• PROVIDED DATA:

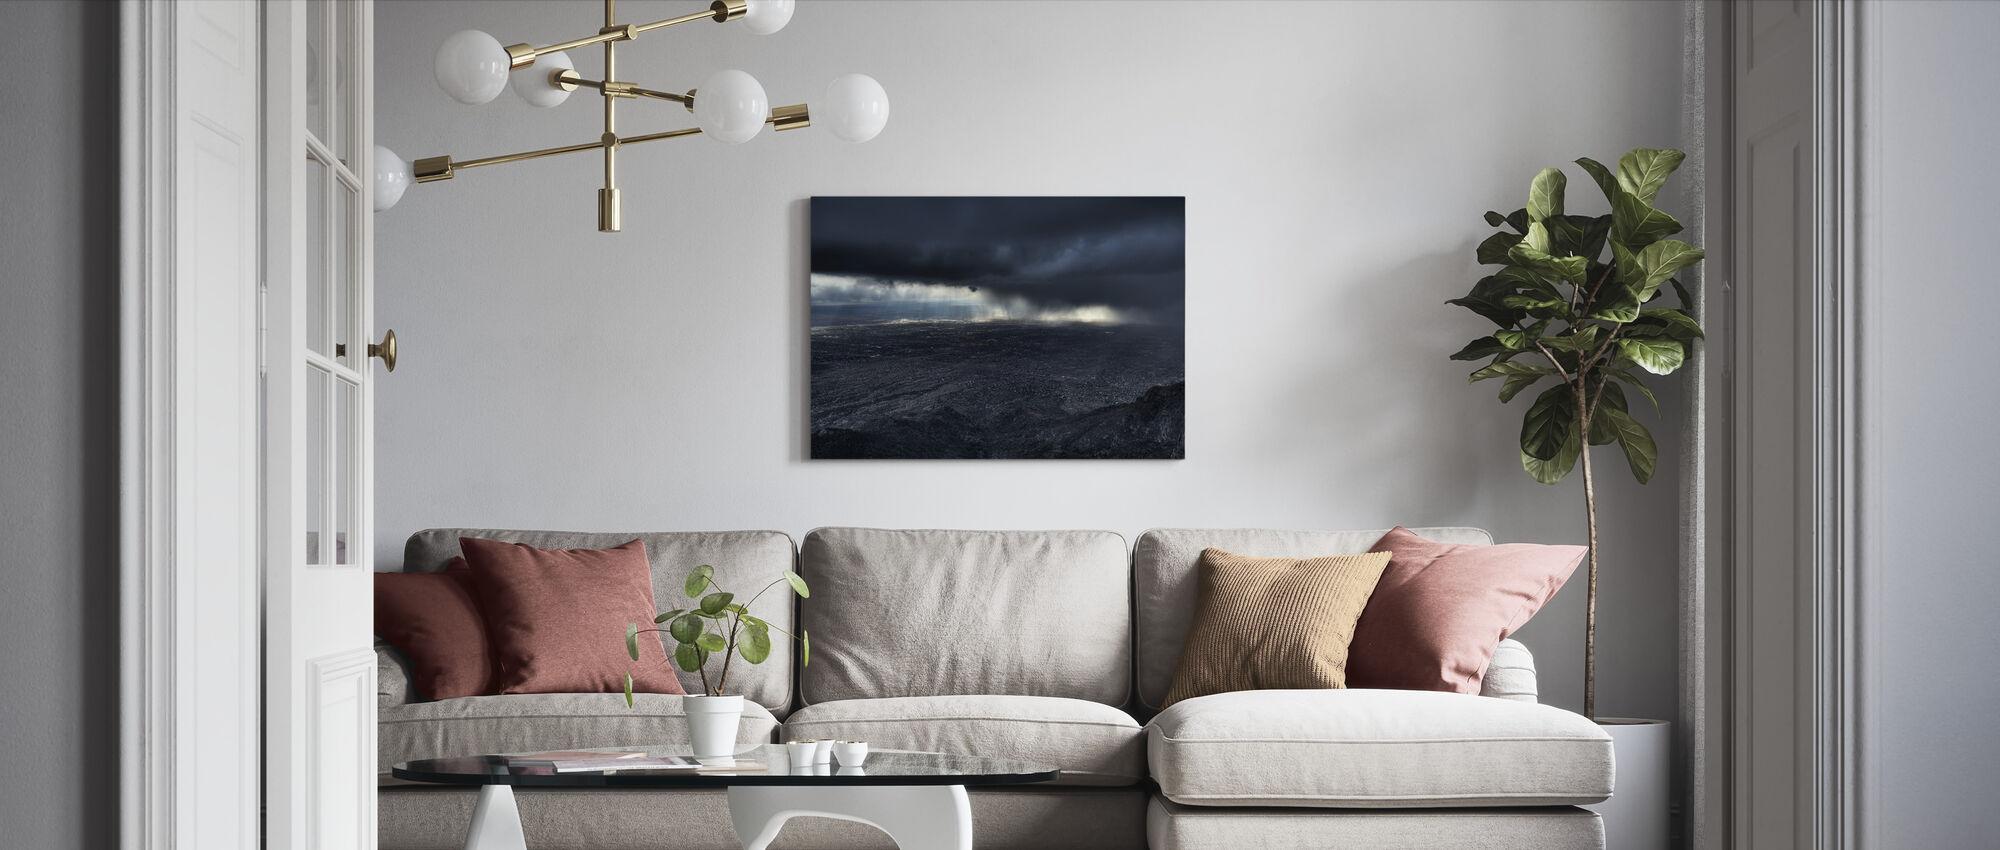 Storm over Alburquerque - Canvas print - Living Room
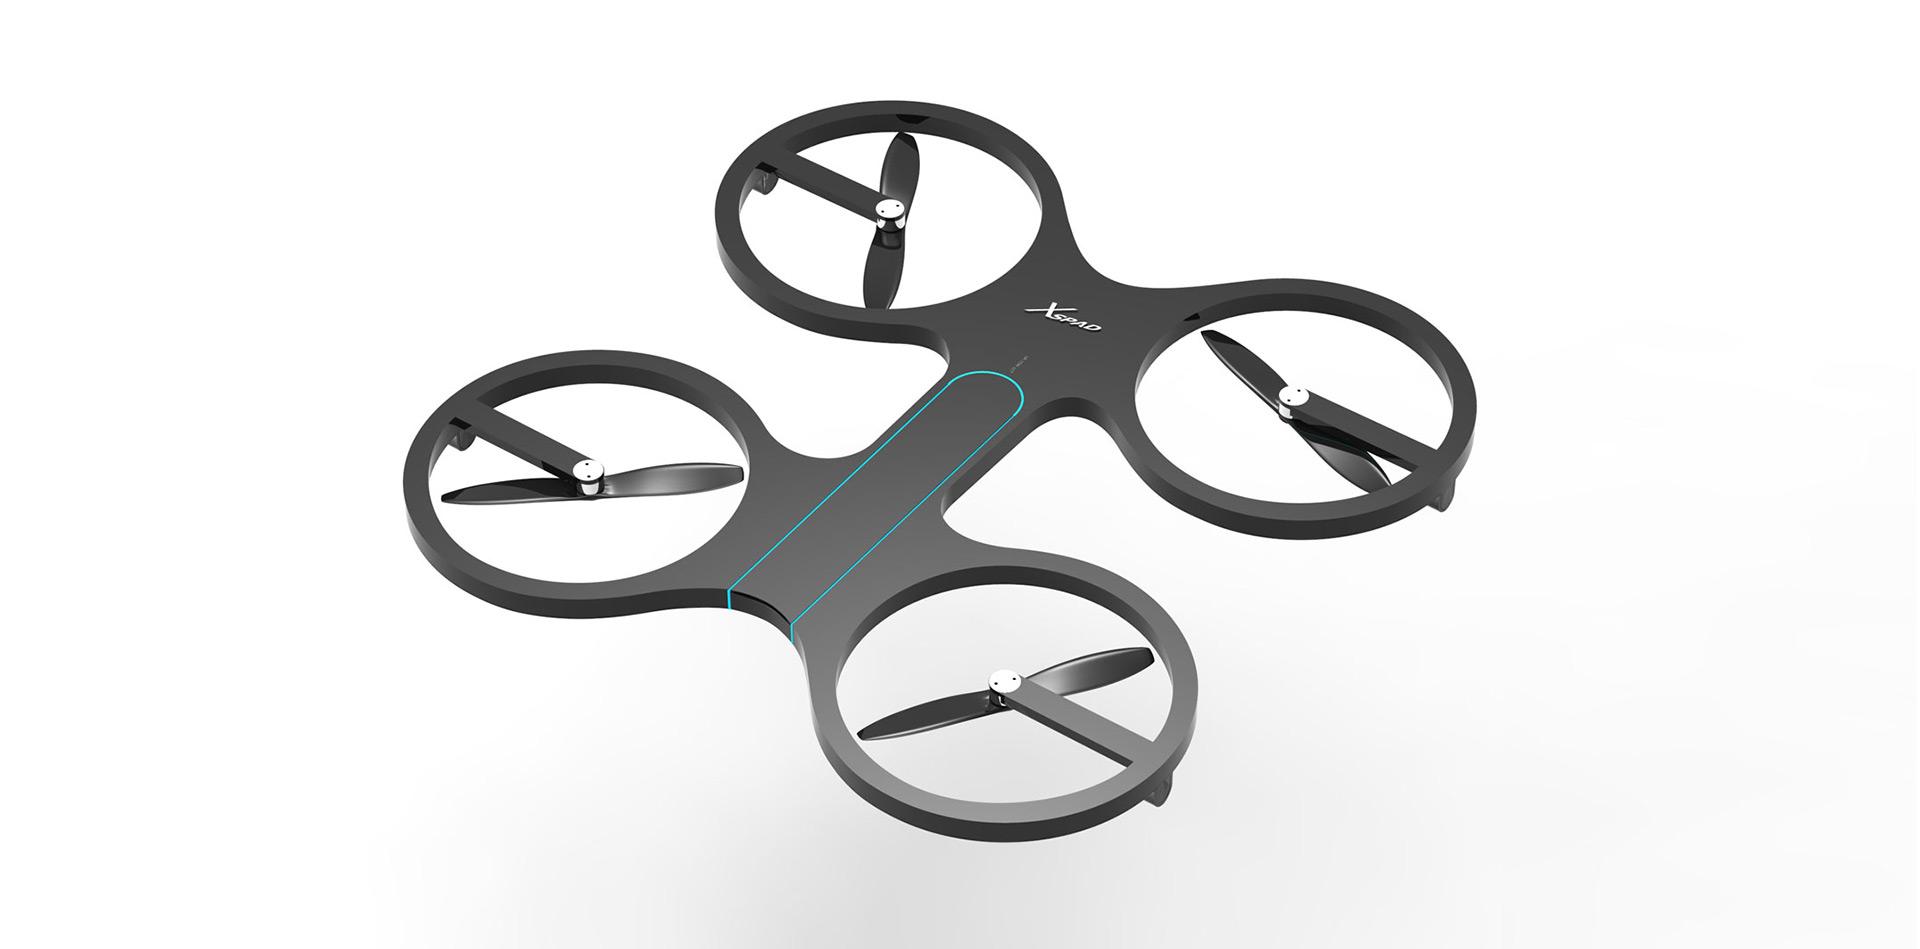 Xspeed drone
---
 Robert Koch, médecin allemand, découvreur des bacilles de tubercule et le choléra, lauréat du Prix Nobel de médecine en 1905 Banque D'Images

• WHAT YOU SHOULD DO: Pictures do not belong in the answer. Return the lines above starting at the one with "Storm over Alburquerque" and ending at the one with "Xspeed drone", both kept, exactly.

• RESPONSE:
 Storm over Alburquerque - Canvas print - Living Room
 Xspeed drone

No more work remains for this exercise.